Reaction: Tag Clouds and the Case for Vernacular Visualization

This paper is a very interesting read as it talks about tag clouds which has its application in many technical and non-technical areas. Author first gives some background knowledge about vernacular visualization and then talks about how tag clouds,originated in Web 2.0 environment,can be applied on wide range of data inputs and patterns.History of tag clouds suggest that they have been prevalent from a very long time, wide range of its usage has been realized lately.Primary purpose of tag clouds is to provide a visual overview of collection and importance of text.Author explains this with the help Milgram experiments, followed by Flanagan;s Search Referral Zeitgeist and flickr. I agree with author's view that "Tag Clouds function as aggregators of activity being carried out by thousands of users, summarizing the action that happens beneath the surface of socially oriented websites. Overall its an interesting read.

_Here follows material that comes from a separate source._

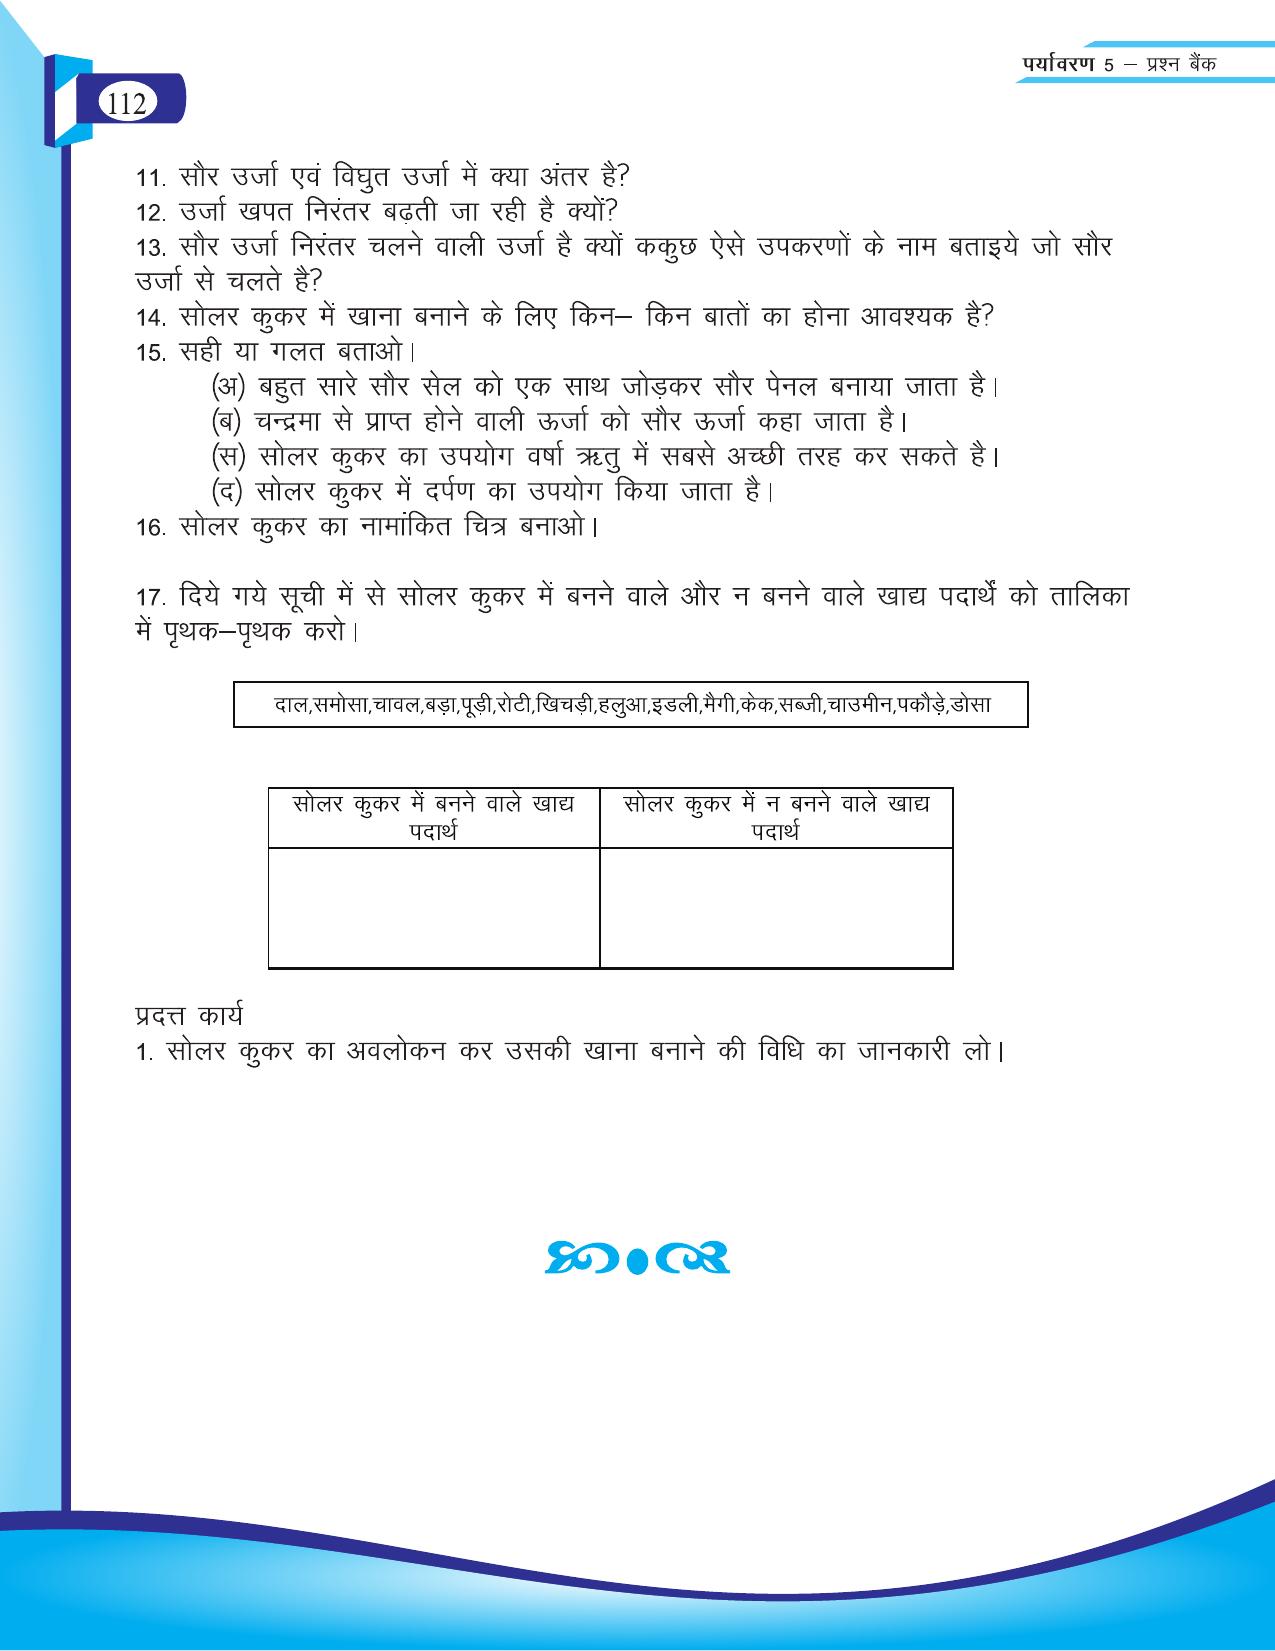 Chhattisgarh Board Class 5 EVS Question Bank 2015-16 - Page 38

Reaction: TileBars: Visualization of Term Distribution Information in Full Text Information Access

The article focusses on querying documents and indicates that this tileBar approach has significant applications when the documents retrieved are huge. The article gives a background of existing document searching techniques and claims that these approaches are not transparent, flexible and because of these reasons, they might not give the best desired results. Also the paper acknowledges the importance of not just a proper searching technique but a visualization system for fast interpretation of results.

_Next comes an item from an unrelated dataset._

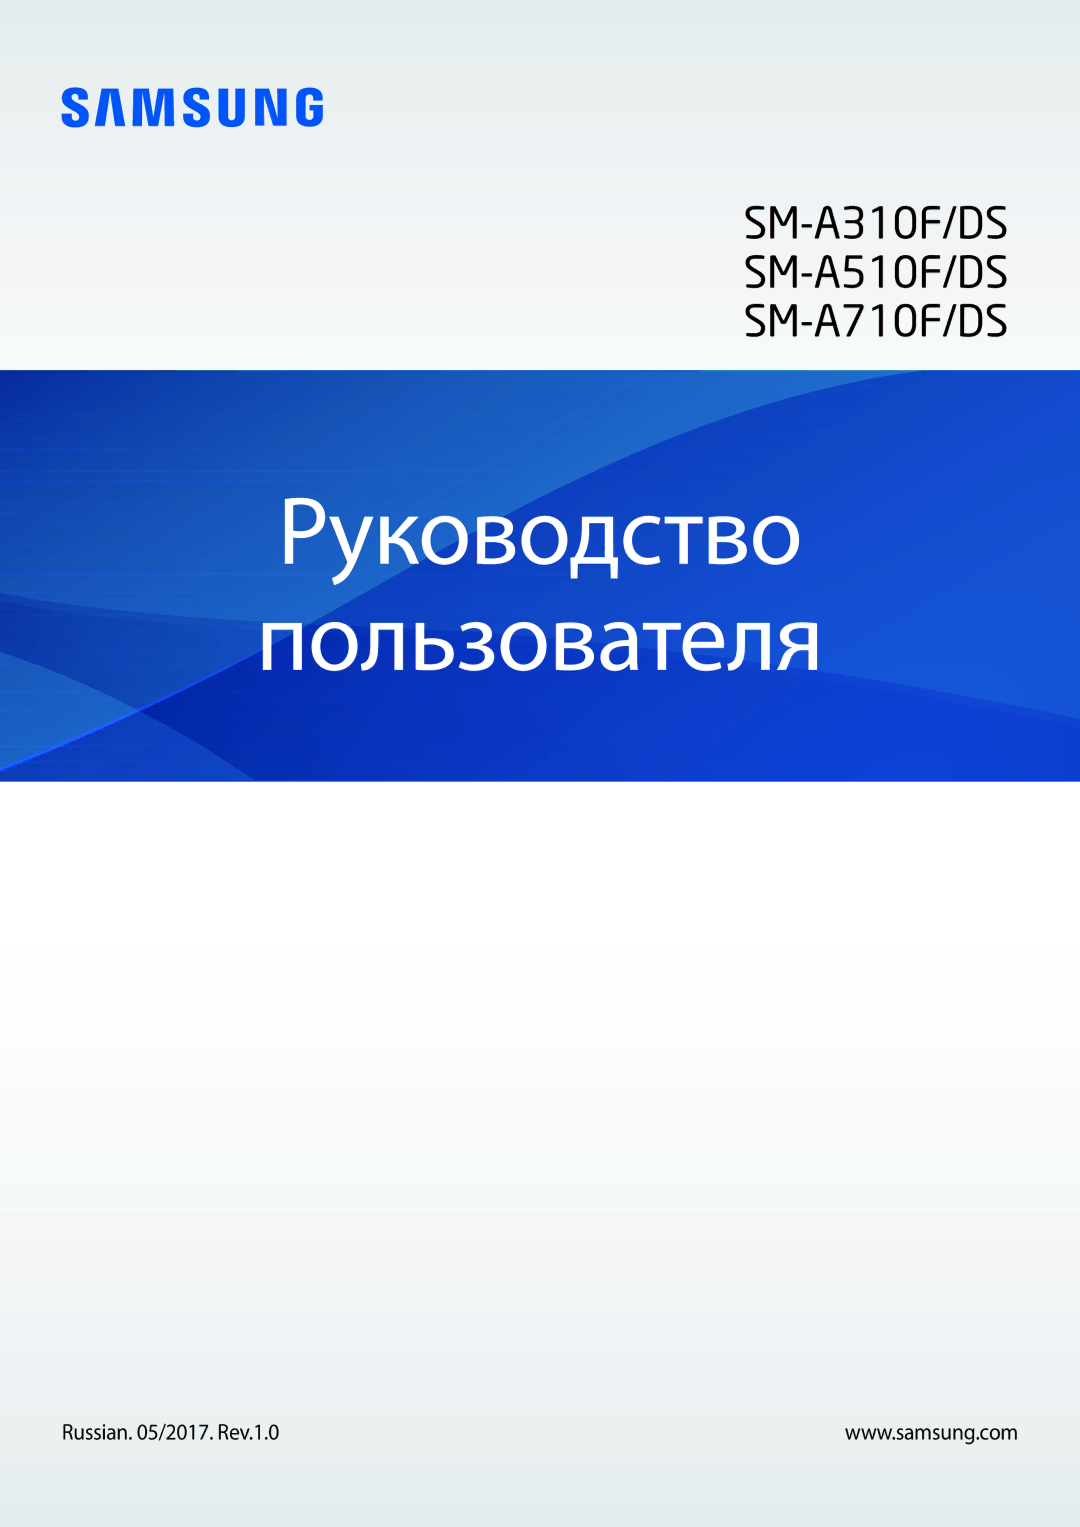 Samsung SM-A310FZWDSER, SM-A310FZKDSER, SM-A310FEDDSER manual Руководство Пользователя, Russian /2017. Rev.1.0

Document structure becomes extremely important in cases like these because this approach is very systematic and discovers the document structure before actually searching for keywords. We can see that tile bars provides good visual cues in order to understand the search results. The paper identifies 3 important factors: length of the document, frequency of terms and distribution of terms in the document in searching documents and tries to get this information out in its search results visually. I liked this approach because this information set can be huge and I think displaying it visually is the best way to do it. One thing which I thought should have been explained is whether the tool allows filtering of results and also searching in specific areas of the document if necessary rather than the entire document always. One of the striking features of this tool is that it is really comprehensive in showing the results and gives not just visual information but also statistical data to back it up. The author correctly puts it as "weaves together interface, presentation and search in a mutually reinforcing fashion". This definitely will help users to understand the relative importance of documents for the search query.

I found the paper to be well organized and self explanatory. The flow of ideas was really good starting with the existing implementations and with the limitations and then carrying it forward with TileBars approach. It would be really interesting to read about TIPSTER which also includes user feeback and judgement.